В углу на подоконнике, где я поместил свечу, грудою свалены были заплесневелые книги; краска же вся была исцарапана письменами. Впрочем, говорили они лишь одно – имя, всевозможными буквами, крупными и мелкими, «Кэтрин Эрншо», кое там и сям превращалось в «Кэтрин Хитклифф», а затем в «Кэтрин Линтон».

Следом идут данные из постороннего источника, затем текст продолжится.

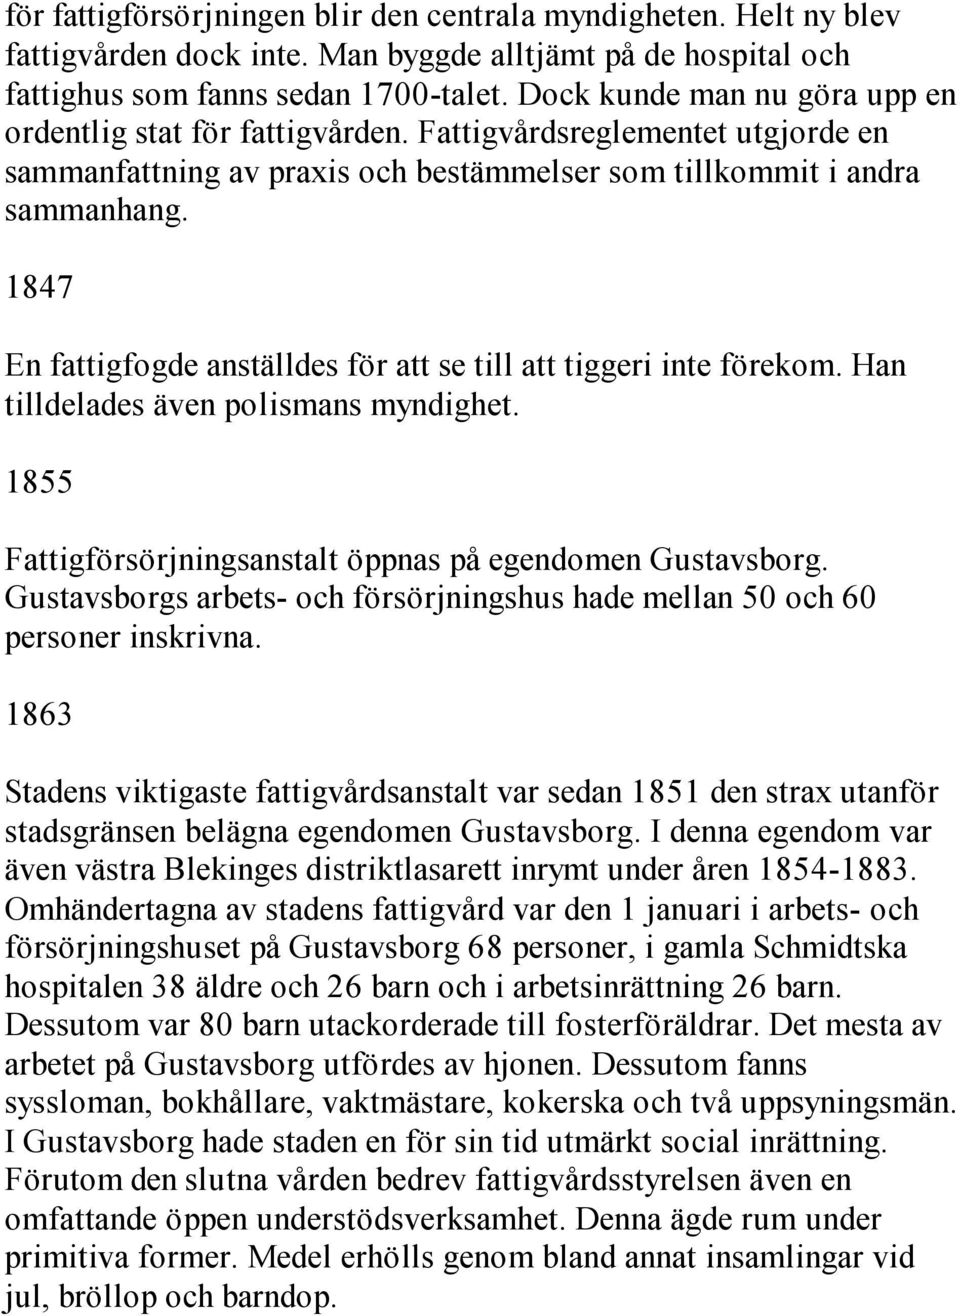 1847 En fattigfogde anställdes för att se till att tiggeri inte förekom. Han tilldelades även polismans myndighet. 1855 Fattigförsörjningsanstalt öppnas på egendomen Gustavsborg.

В вялой апатии прислонясь к окну, я складывал Кэтрин Эрншо… Хитклифф… Линтон, пока не стали слипаться глаза; они, однако, отдыхали всего каких-то пять минут, и тут буквы полыхнули во тьме белым, ослепительные, как призраки, – в воздухе закишели Кэтрин; встряхнувшись, дабы изгнать из поля зрения назойливое имя, я увидел, что фитиль свечи моей приклонился к древним томам, распространяя вокруг аромат поджаренного пергамента. Я потушил пожар; сильно мучаясь от холода и неотступной тошноты, сел и раскрыл на коленях пострадавший фолиант. Оный оказался Писанием, со скупым шрифтом, и чудовищно пахнул плесенью; на форзаце значилось: «Кэтрин Эрншо, ее книга», – и дата с четверть столетия ранее. Я закрыл том, взял другой, затем третий, пока не пролистал все. Библиотека у Кэтрин была отборная, а степень распада томов доказывала, что обладательница питала к ним живой интерес, хотя и не вполне законного свойства: едва ли нашлась бы одна глава, коей удалось избегнуть чернильных замечаний – или, по меньшей мере, подобия таковых, – сплошь покрывавших все пустоты, что оставил печатник. Местами – разрозненные фразы, местами же – обыкновенный дневник, писанный неловкой детской рукою. Вверху лишней страницы (и каким, вероятно, сокровищем была она сочтена, когда впервые явилась взору) я, к великому своему веселью, нашел блестящую карикатуру на друга моего Джозефа – набросок грубый, но выразительный. Во мне мгновенно вспыхнул интерес к безвестной Кэтрин, и я незамедлительно принялся разбирать ее поблекшую иероглифику.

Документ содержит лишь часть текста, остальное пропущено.